Efficient Policy Evaluation with Offline Data Informed Behavior Policy Design
This work addresses the challenge of prohibitive environment interactions for reinforcement learning practitioners, offering an incremental improvement in policy evaluation efficiency.
The paper tackles the problem of inefficient policy evaluation in reinforcement learning by proposing novel methods to improve data efficiency of online Monte Carlo estimators while maintaining unbiasedness, achieving better empirical performance with fewer offline data requirements.

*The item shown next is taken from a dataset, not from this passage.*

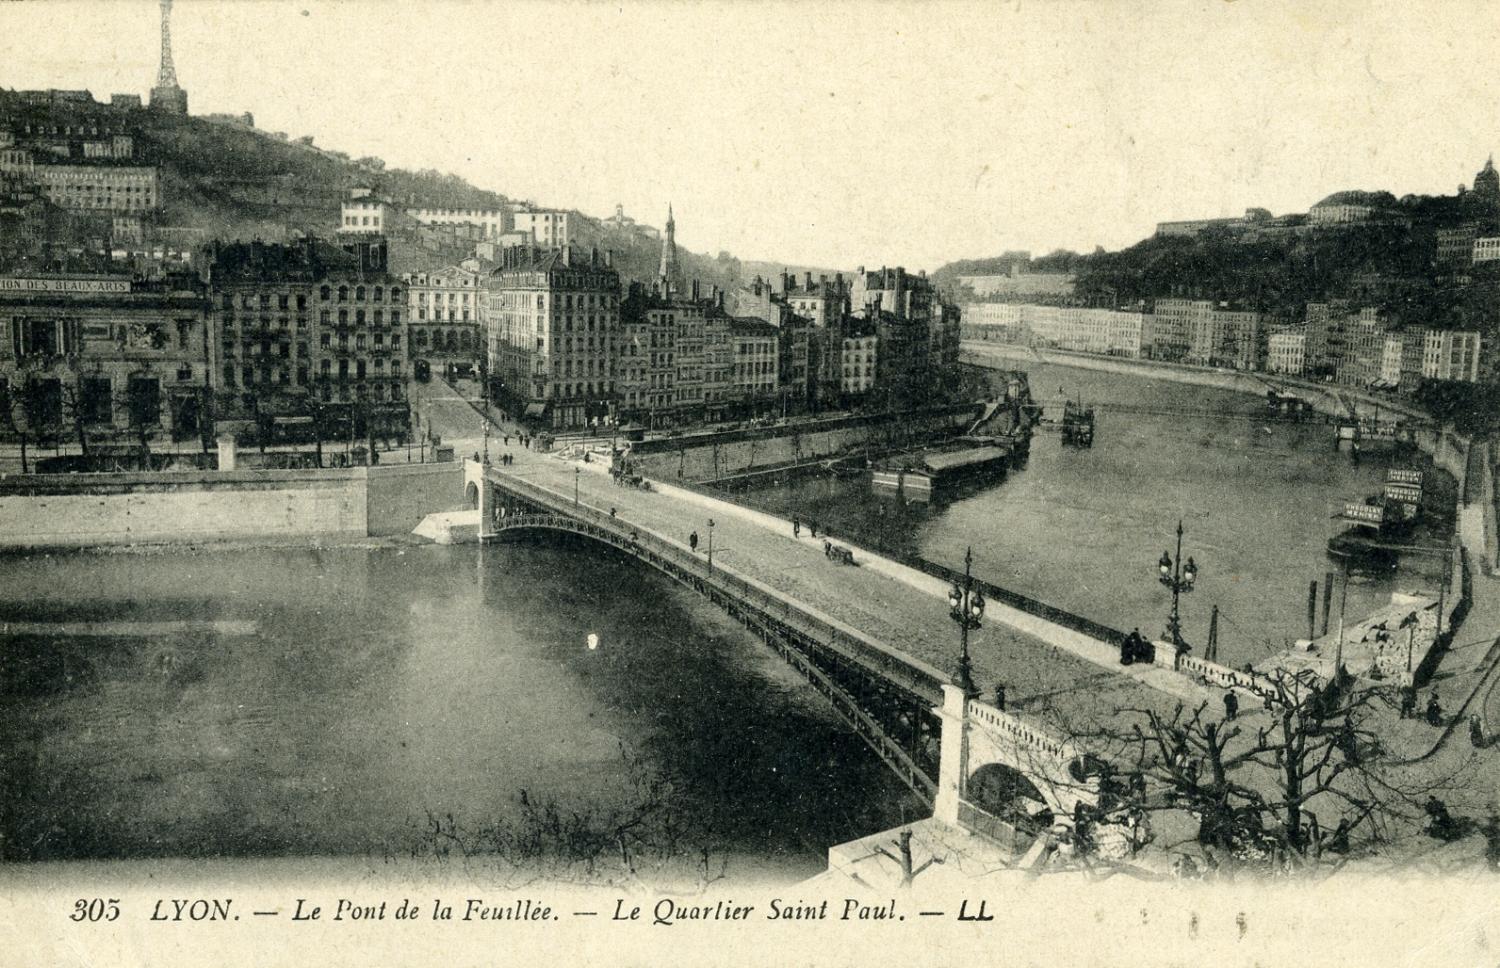 Lyon. - Le Pont de la Feuillée. - Le Quartier Saint Paul.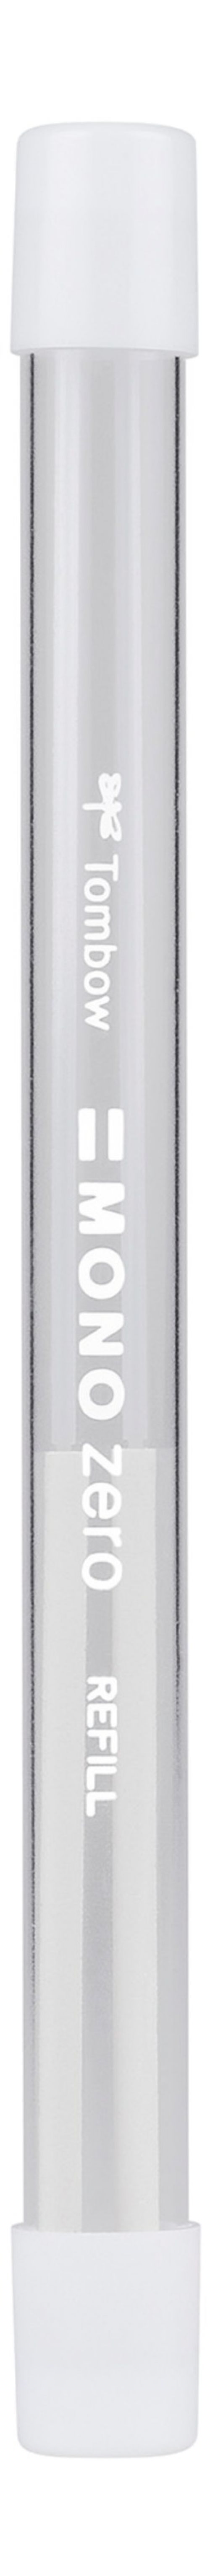 Tombow MONO Zero Refill for Round Tip Eraser White

Most reinforcement learning practitioners evaluate their policies with online Monte Carlo estimators for either hyperparameter tuning or testing different algorithmic design choices, where the policy is repeatedly executed in the environment to get the average outcome. Such massive interactions with the environment are prohibitive in many scenarios. In this paper, we propose novel methods that improve the data efficiency of online Monte Carlo estimators while maintaining their unbiasedness. We first propose a tailored closed-form behavior policy that provably reduces the variance of an online Monte Carlo estimator. We then design efficient algorithms to learn this closed-form behavior policy from previously collected offline data. Theoretical analysis is provided to characterize how the behavior policy learning error affects the amount of reduced variance. Compared with previous works, our method achieves better empirical performance in a broader set of environments, with fewer requirements for offline data.